Llegamos al final del cuento del trébol de las cuatro hojas de la suerte ilimitada (ver entradas anteriores). Nott fue al palacio de Merlín y cuando llegó se dio cuenta de que todo el jardín había sido empedrado, la bruja le había mentido. Ya no había jardín. No quiso hacer daño a Merlín y se fue a su castillo solitario.Sid fue a enseñar a Merlín los tréboles y a contarle cómo los había conseguido. Merlín le felicitó por haber creado las circunstancias. Y Sid fue por todo el reino contando su felicidad y enseñando los tréboles de cuatro hojas. Todos los que habían crecido en su pequeño terreno.
La buena suerte depende de tí.
Cuando acabó de contarle el cuento. David estaba pensativo. Victor se dio cuenta y le dijo que no se lo tomara como algo personal, que no se lo aplicase. Pero David le dijo que no era casualidad haber oído ese cuento.
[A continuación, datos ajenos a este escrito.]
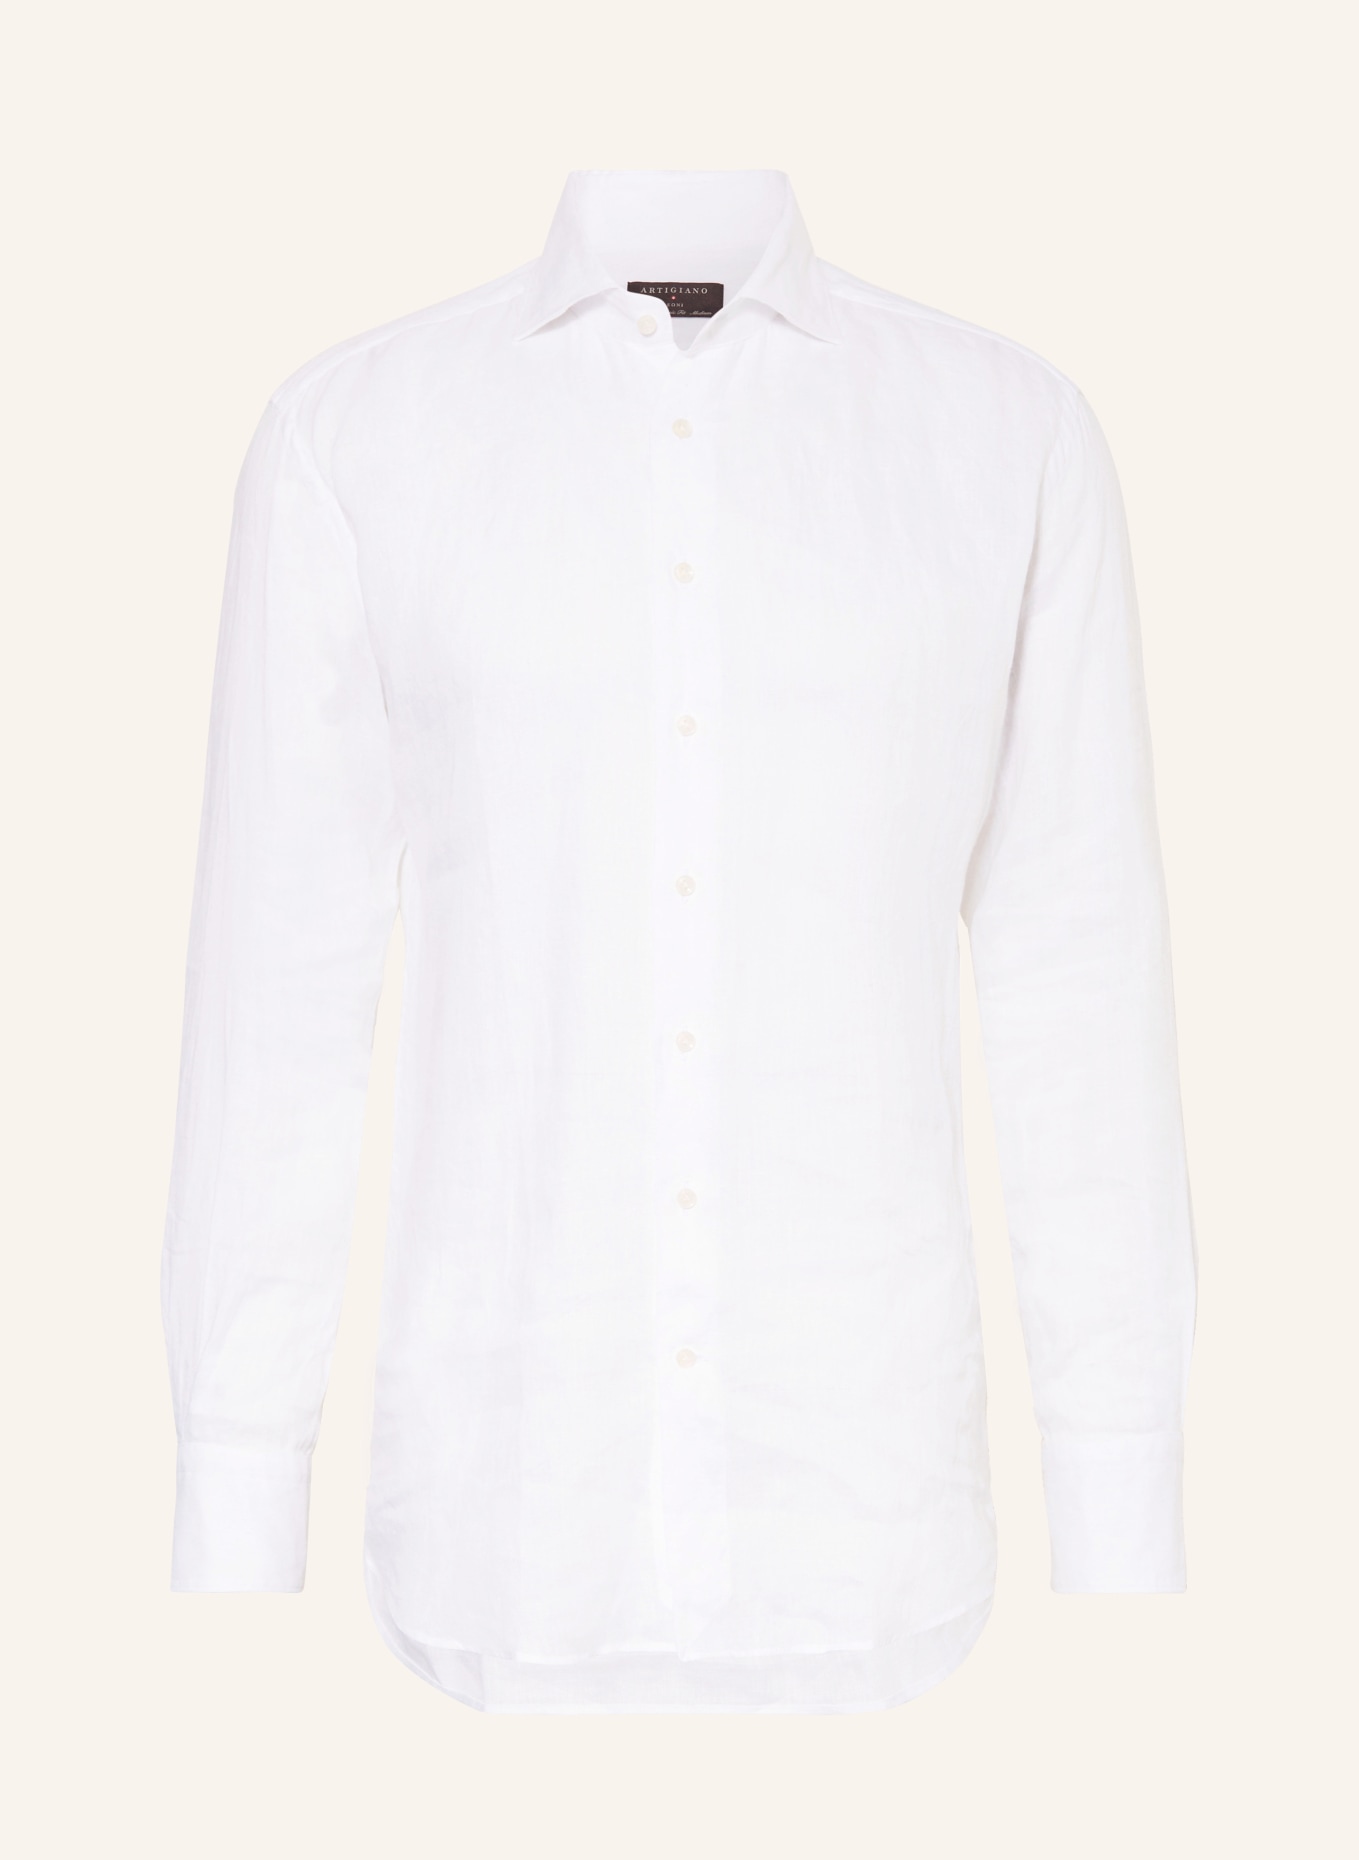 ARTIGIANO Leinenhemd Classic Fit, Farbe: 1 uni white (Bild 1)

Llevaba mucho tiempo buscando a su amigo de la infancia, su único verdadero amigo. Había dedicado muchos días y esfuerzo. Al final lo había encontrado “no por casualidad”, y comprendía que el cuento le venía al pelo. Comenzaría a crear nuevas circunstancias.
Notas tomadas de la lectura del libro La bona sort, claus per a la prosperitat (Urano, Barcelona 2004) de Àlex Rovira Celma y Fernando Trías de Bes.